I'm curious what people find the list useful for - as a safety outreach tool, a research tool or intuition pump, or something else? I'd also be interested in suggestions for improving the list (formatting, categorizing, etc). Thanks everyone who has contributed to the resource so far!
The biggest benefit for me has come from using this list in conversation, when I am trying to explain the basics of AI risk to someone, or am generally discussing the topic. Before this list came out, I would often have to come up with an example of some specification gaming problem on the fly, and even though I would be confident that my example was representative, it couldn't be sure that it actually happened, which often detracted from the point I was trying to make. After this list came out, I just had a pre-cached list of many examples that I could bring up at any point that I knew had actually happened, and where I could easily reference and find the original source if the other person wanted to follow up on that.
I see this referred to a lot, and also find myself referring to it a lot. Having concrete examples of specification gaming is a valuable shortcut when explaining safety problems, as a "proof of concept" of something going wrong.
It's really valuable to make records like this. Insofar as it's accurate, and any reviewers can add to it, that's great. (Perhaps in the future it could be a wiki page of some sort, but for now I think it was a very valuable thing that got posted in 2018.)

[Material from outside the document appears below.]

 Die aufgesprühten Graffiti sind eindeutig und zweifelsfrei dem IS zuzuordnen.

Thanks Ben! I'm happy that the list has been a useful resource. A lot of credit goes to Gwern, who collected many examples that went into the specification gaming list: https://www.gwern.net/Tanks#alternative-examples.
Some other discussion: https://www.lesswrong.com/posts/nvkiGW4vH8CCHfoNi/specification-gaming-examples-in-ai
This looks great, and I think some of the work started by Scott Garrabrant on categorizing Goodhart's law addresses one component of this - but I think there is more and useful work on further categorizing the failure modes. This list looks like a good resource for doing so. On the other hand, I think the categorization would be helped by looking at non AI/ML systems to see how gaming occurs more widely. (Humans game systems differently than AI currently does, in part because we're still smarter. That means looking at humans might help understand how else AI can game metrics.)

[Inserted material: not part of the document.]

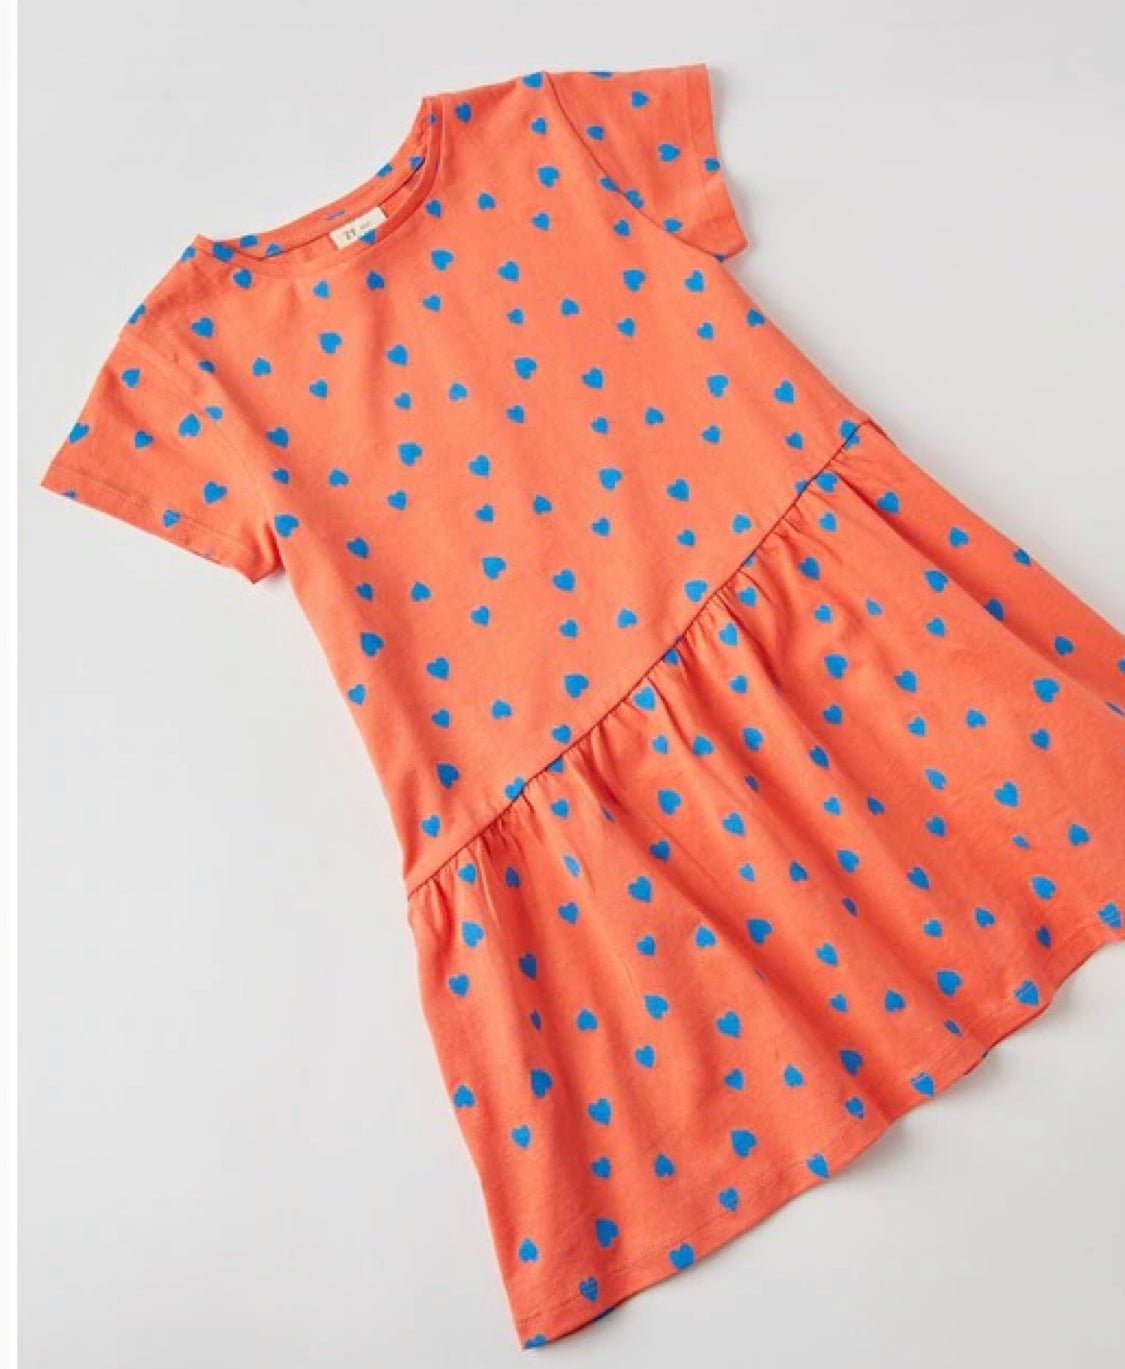 Vestido de niña en naranja con motivos de corazones en algodón 100% lolimariscalmoda 9.99

For a take on the topic that goes much farther outside the realm of AI examples, see my older blog post on measurement: https://www.ribbonfarm.com/2016/06/09/goodharts-law-and-why-measurement-is-hard/
Thanks a lot for this post. I think “specification gaming” is an essential problem to solve but also possibly one of the hardest to make progress on, so it’s great to see resources aimed at helping people do that. I was unaware of CycleGAN, but it sounds very interesting and I plan to look into it. Thanks for posting something that put me onto an interesting obvservation!